**Task to carry out:** Please write out all of the data below exactly, without including the pictures.

**Data section:**
################

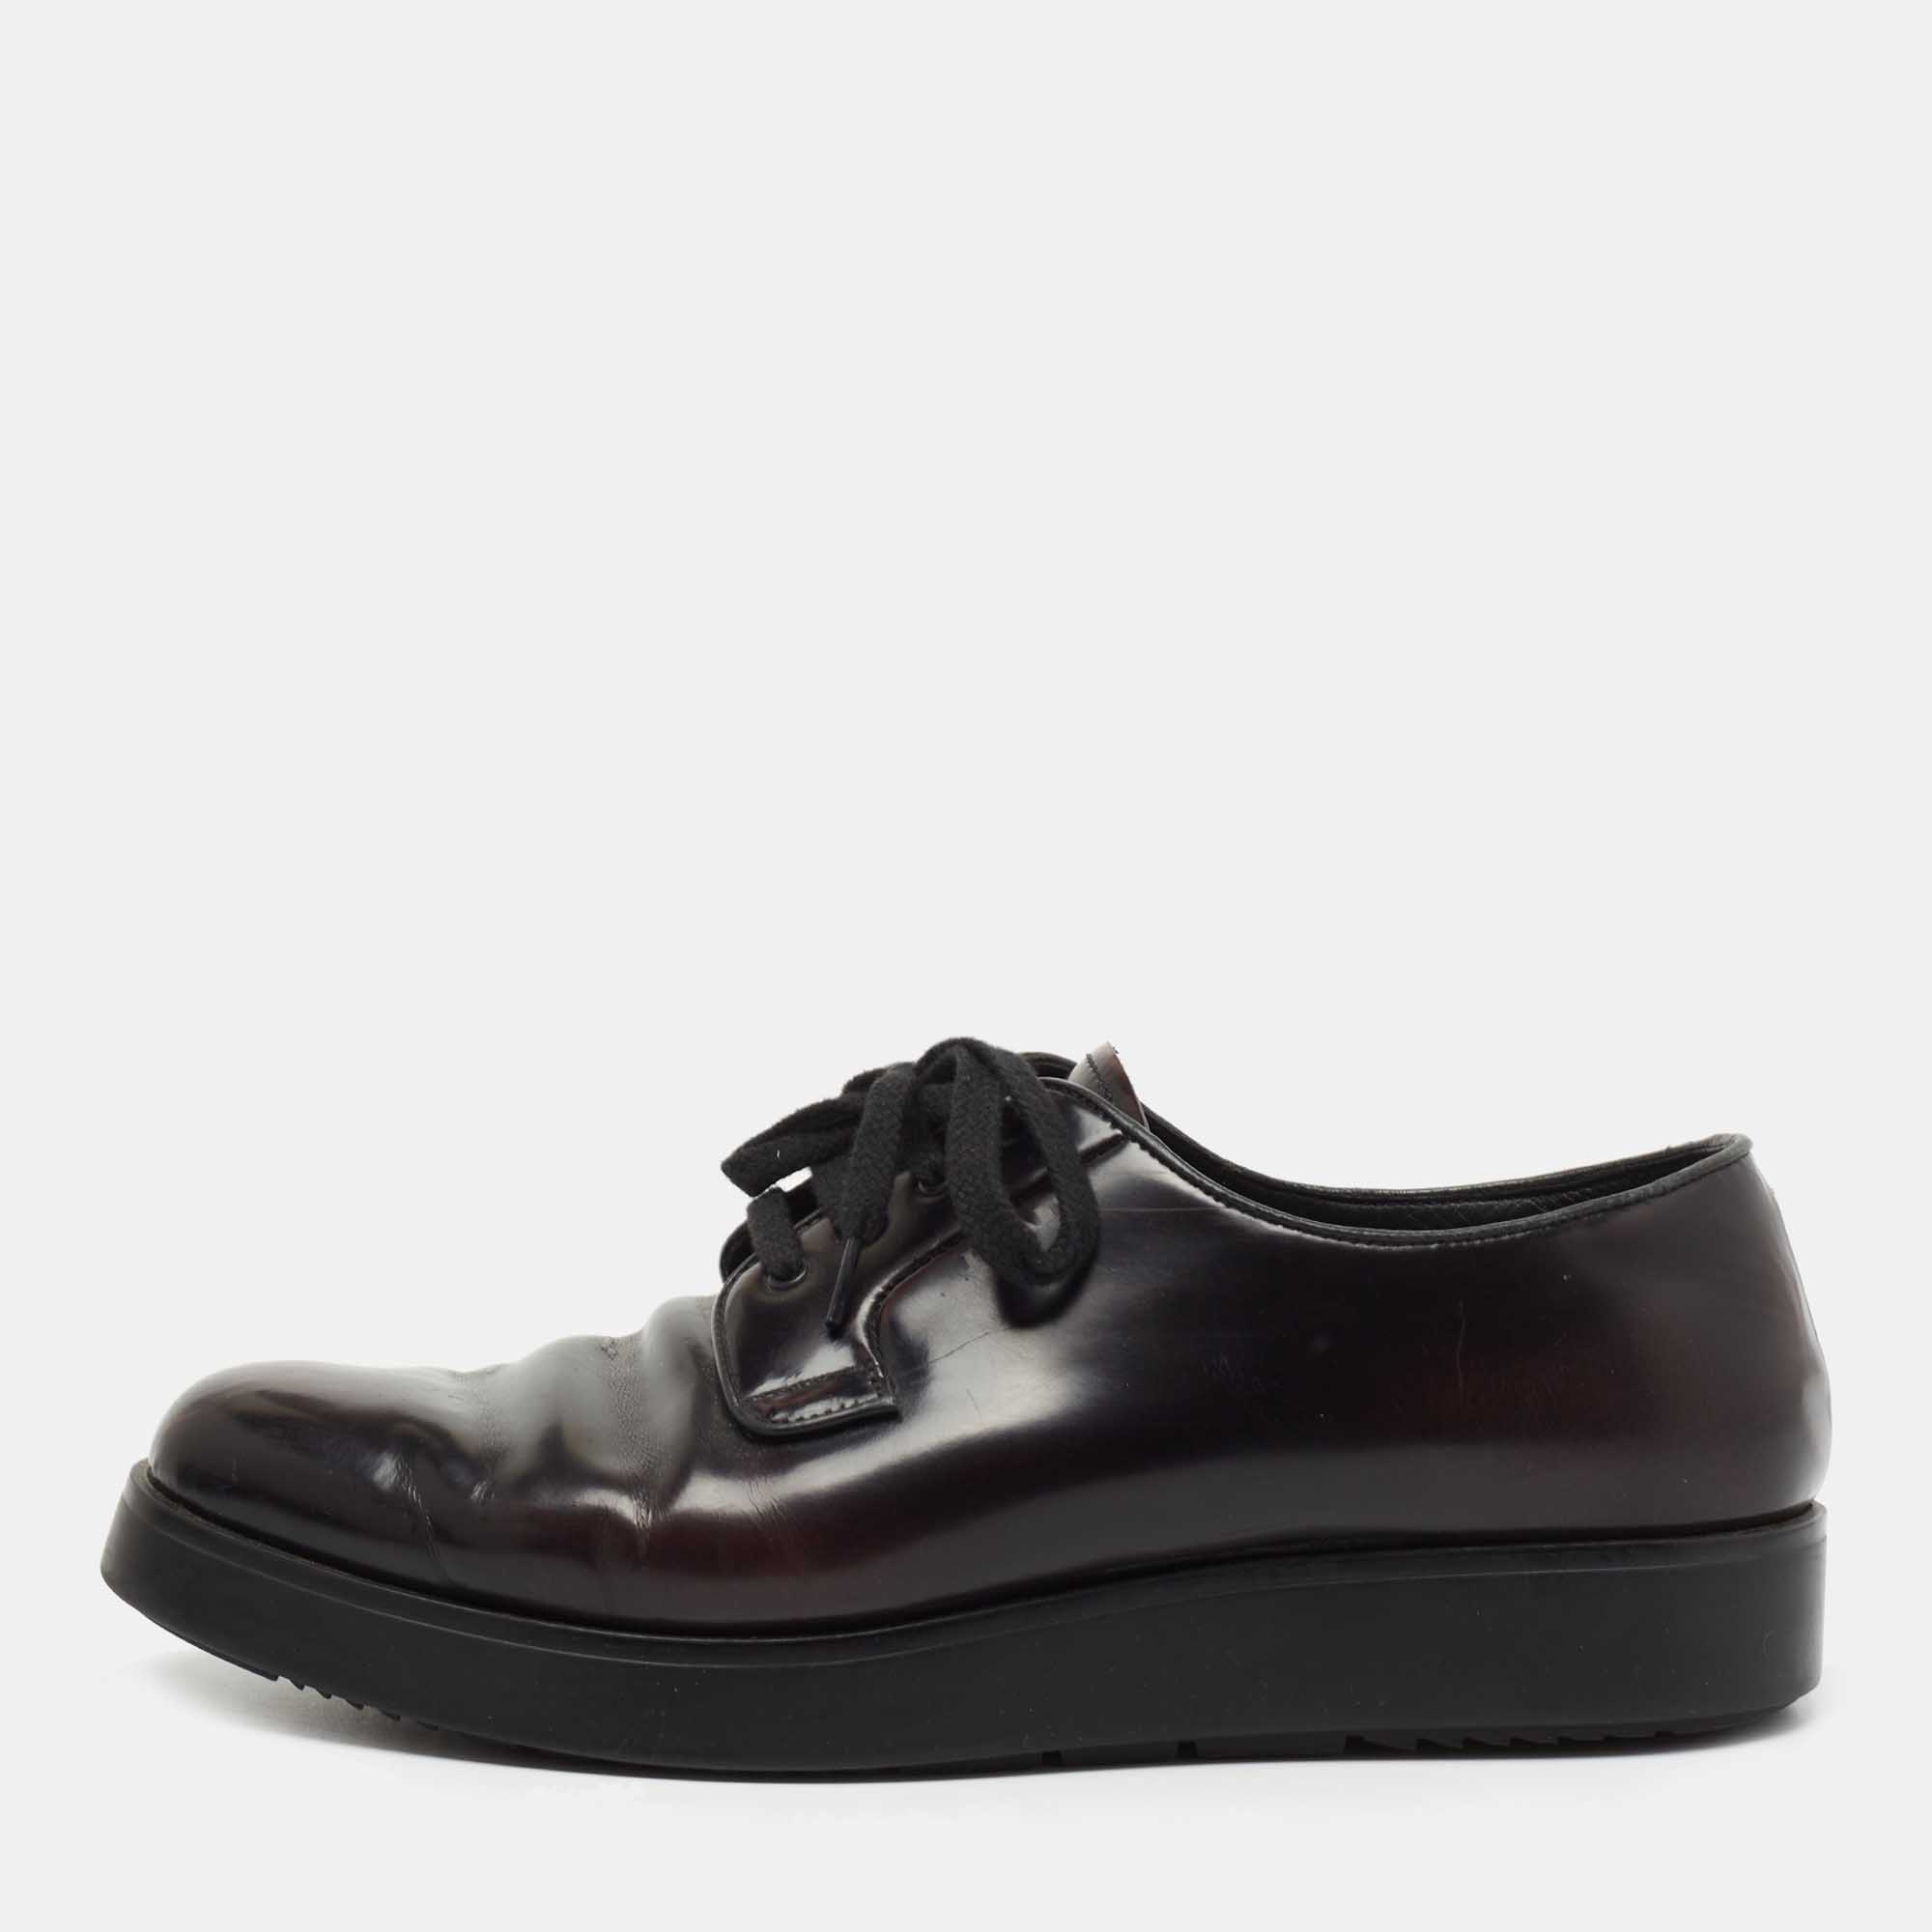 Prada Two Tone Leather Lace Up Oxford Size 41.5 
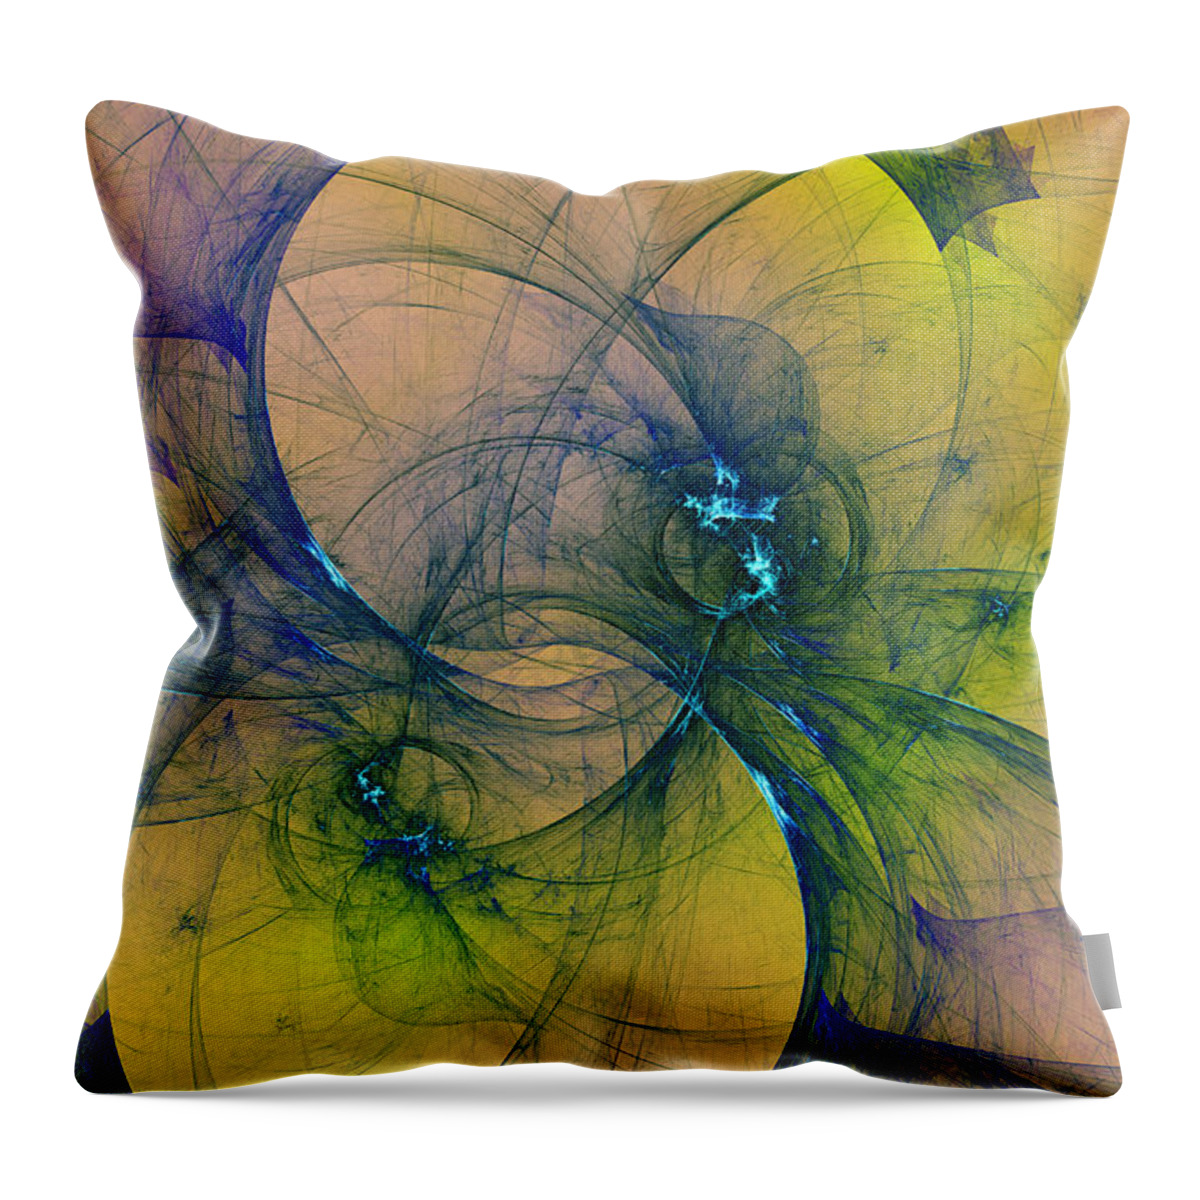 Art Throw Pillow featuring the digital art Animus in consulendo liber by Jeff Iverson
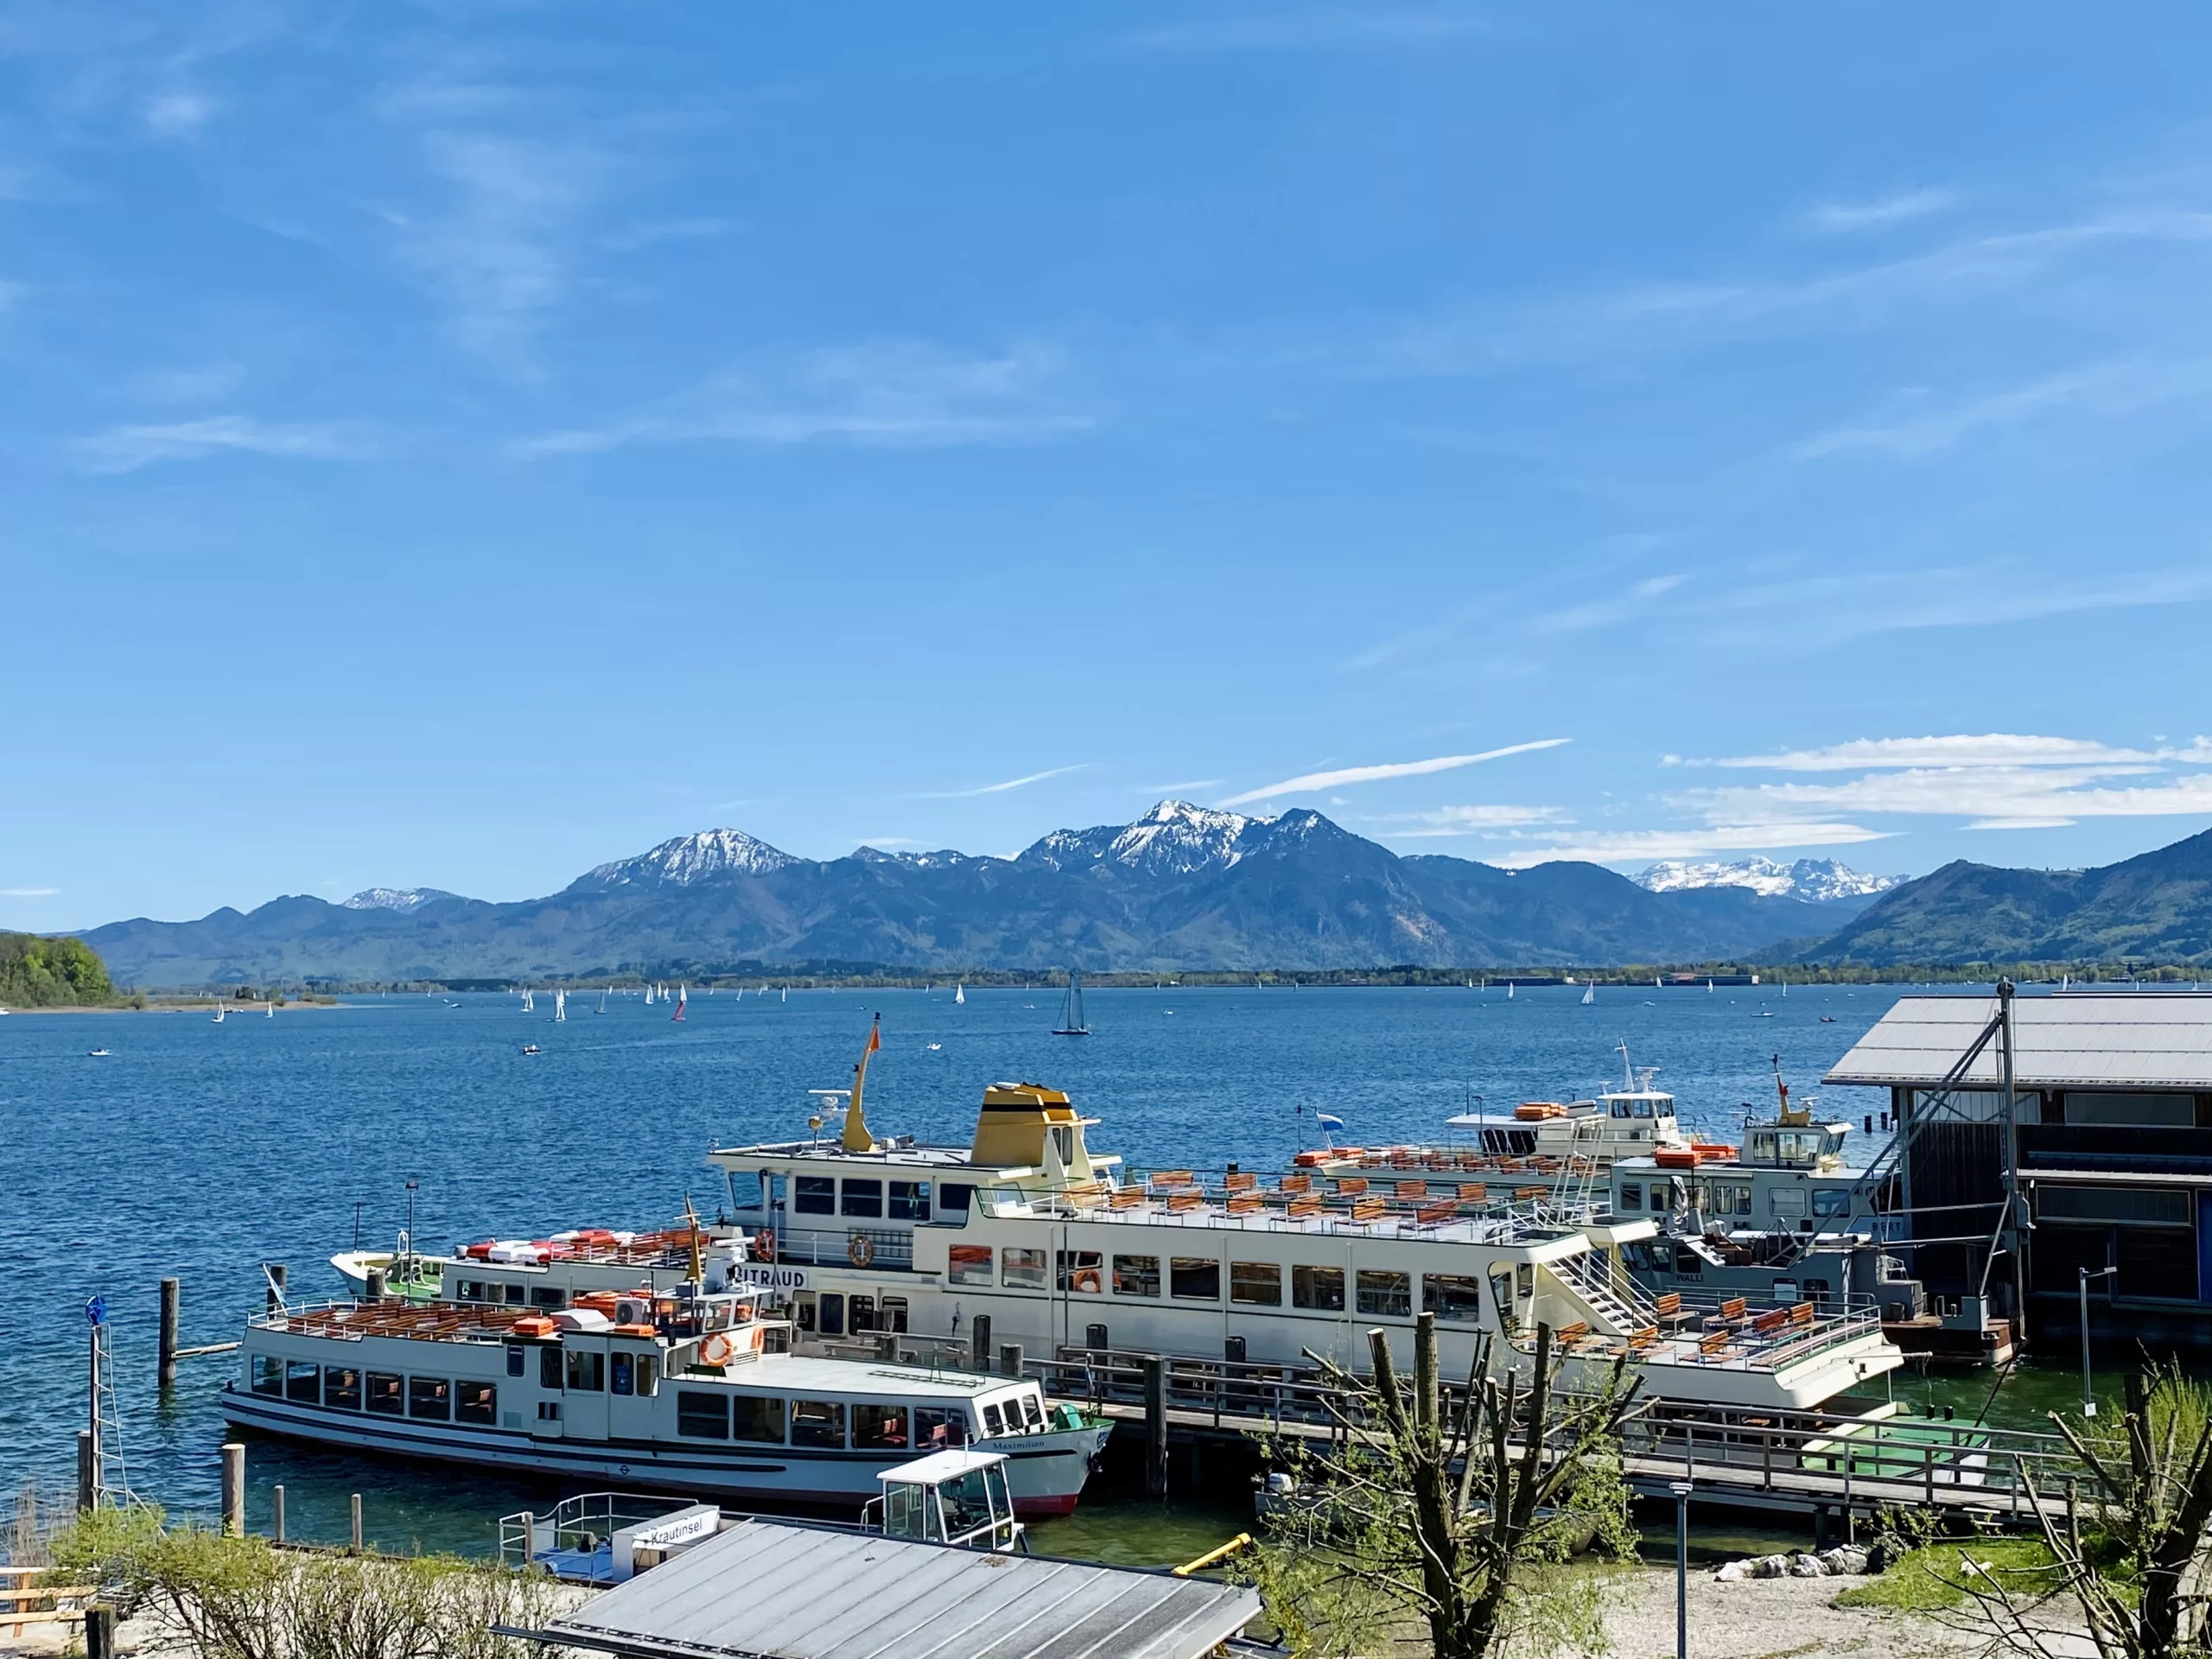 Lake Chiemsee, in Bavaria, Germany has a stunning view of the Alps.

################

**Exercise result:**
 Prada Two Tone Leather Lace Up Oxford Size 41.5 
 Art Throw Pillow featuring the digital art Animus in consulendo liber by Jeff Iverson
 Lake Chiemsee, in Bavaria, Germany has a stunning view of the Alps.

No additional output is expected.